• **Activity**: Among the entries below, find the line with "MAA, SCULPTURE MAGAZINE - HOLDER", then quote it and each following line up to and including the line with "Hand made in", and nothing else.

• **Input records**:
──────

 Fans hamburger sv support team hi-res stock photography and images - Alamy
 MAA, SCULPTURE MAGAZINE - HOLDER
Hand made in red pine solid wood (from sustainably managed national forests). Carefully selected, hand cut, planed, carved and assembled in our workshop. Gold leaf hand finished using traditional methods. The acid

──────

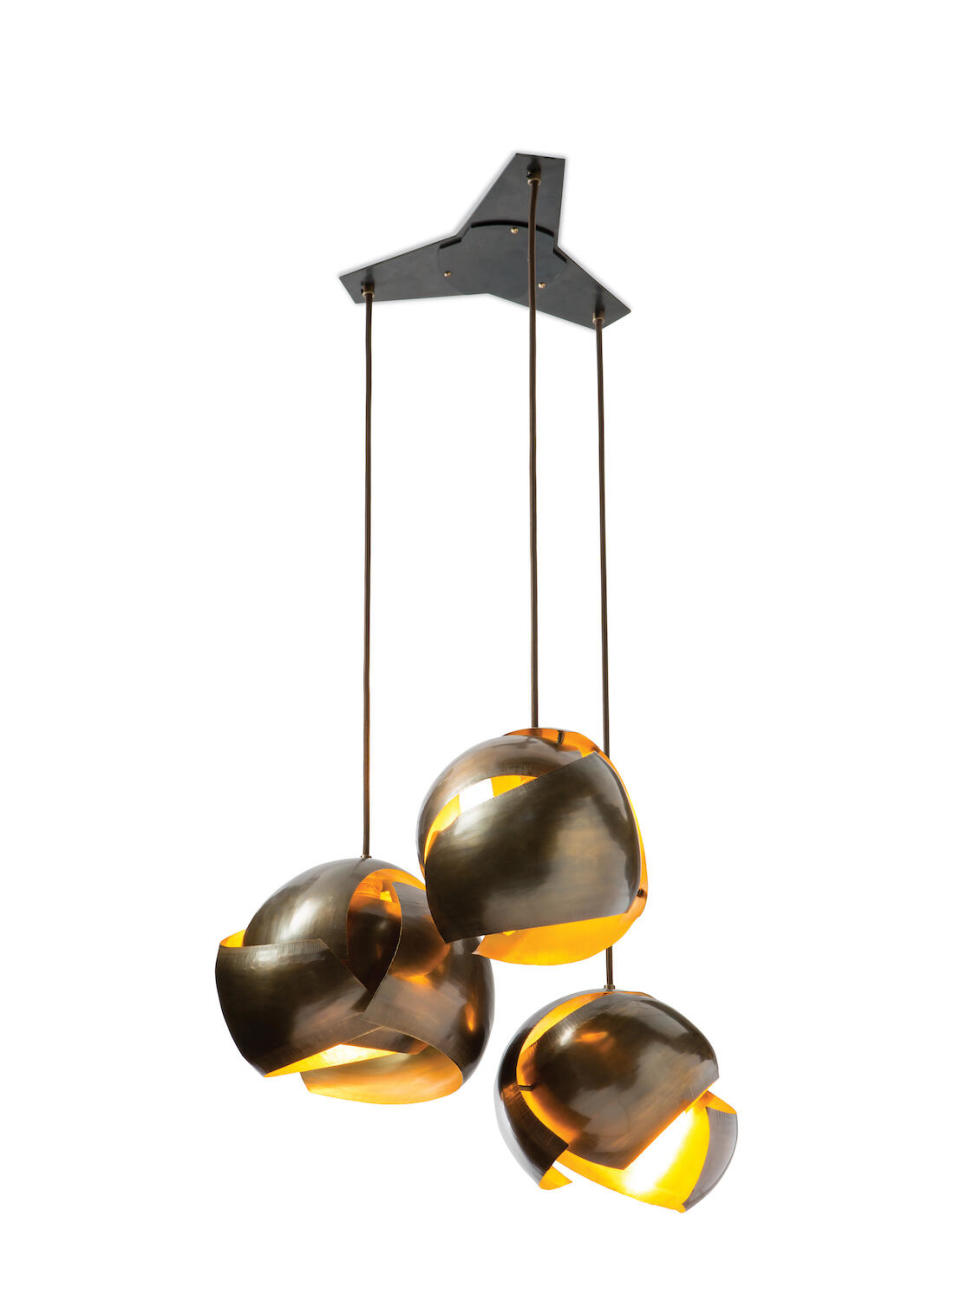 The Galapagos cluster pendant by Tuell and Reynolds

──────

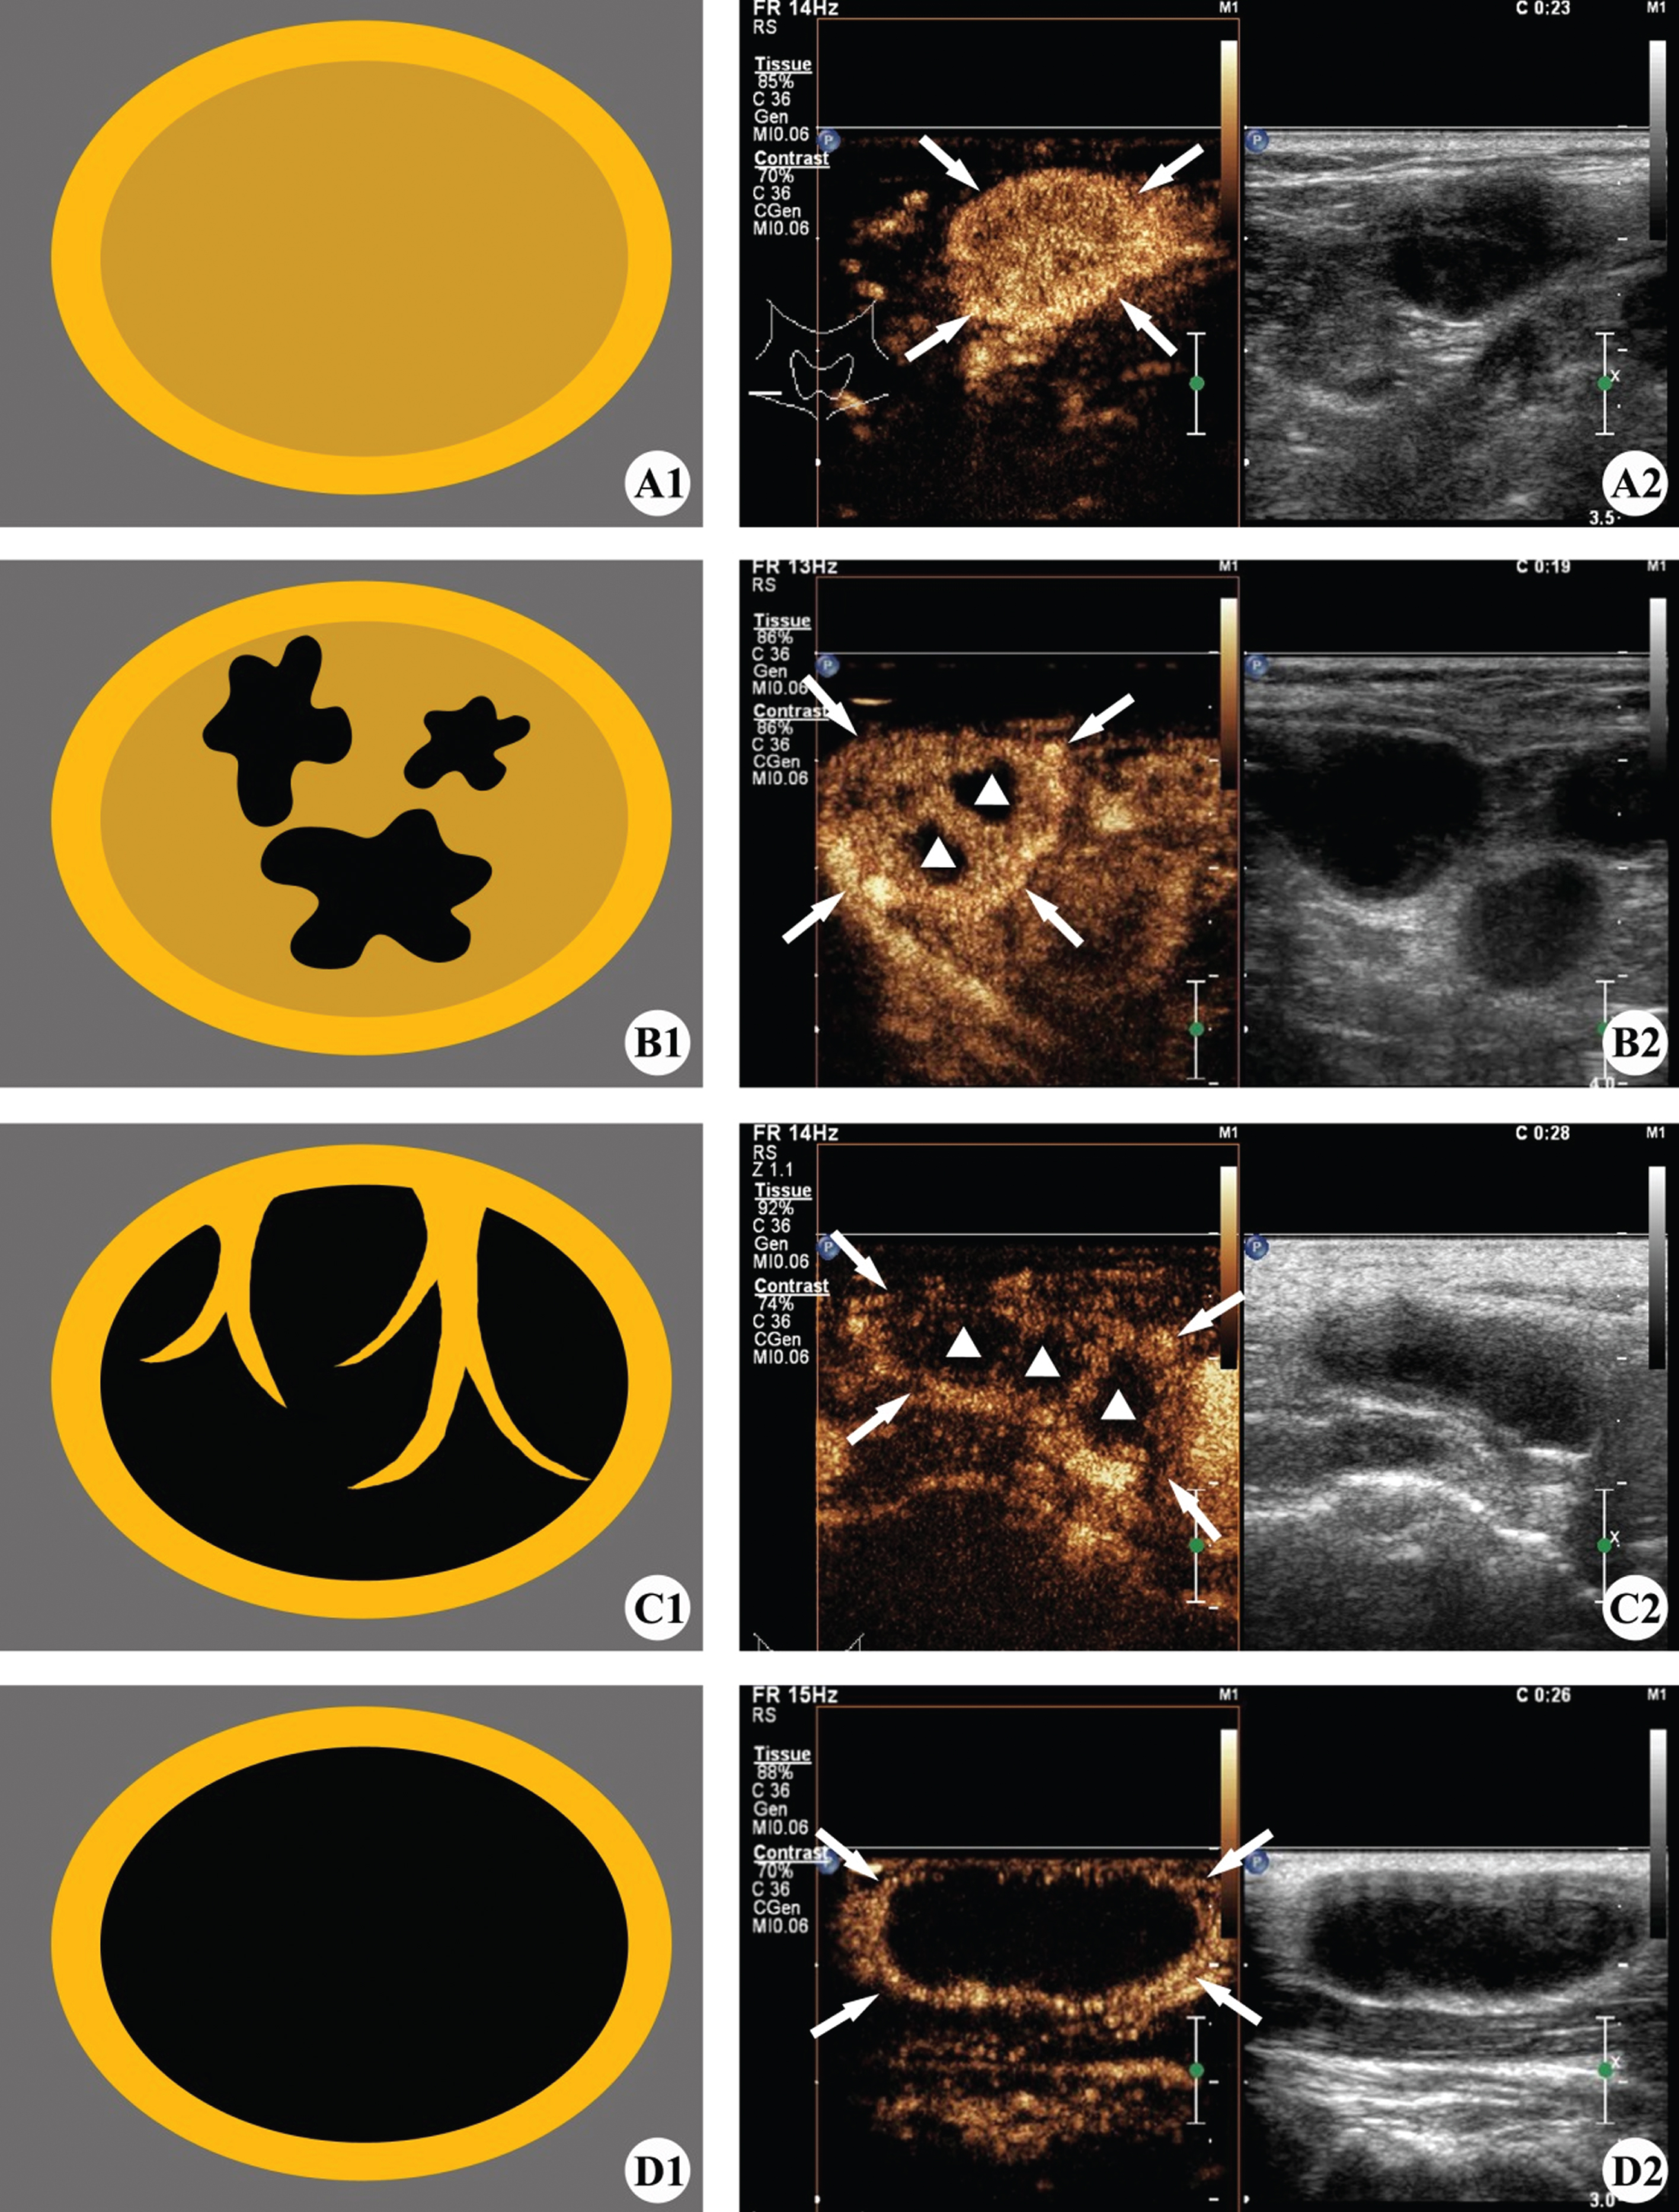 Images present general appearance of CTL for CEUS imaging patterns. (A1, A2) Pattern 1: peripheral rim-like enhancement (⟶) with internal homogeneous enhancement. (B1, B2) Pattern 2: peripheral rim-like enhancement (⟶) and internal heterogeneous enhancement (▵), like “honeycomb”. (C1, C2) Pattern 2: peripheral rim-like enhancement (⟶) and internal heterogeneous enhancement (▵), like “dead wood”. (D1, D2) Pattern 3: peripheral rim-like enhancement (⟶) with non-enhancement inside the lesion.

──────

• **Solved exercise**:
 MAA, SCULPTURE MAGAZINE - HOLDER
Hand made in red pine solid wood (from sustainably managed national forests). Carefully selected, hand cut, planed, carved and assembled in our workshop. Gold leaf hand finished using traditional methods. The acid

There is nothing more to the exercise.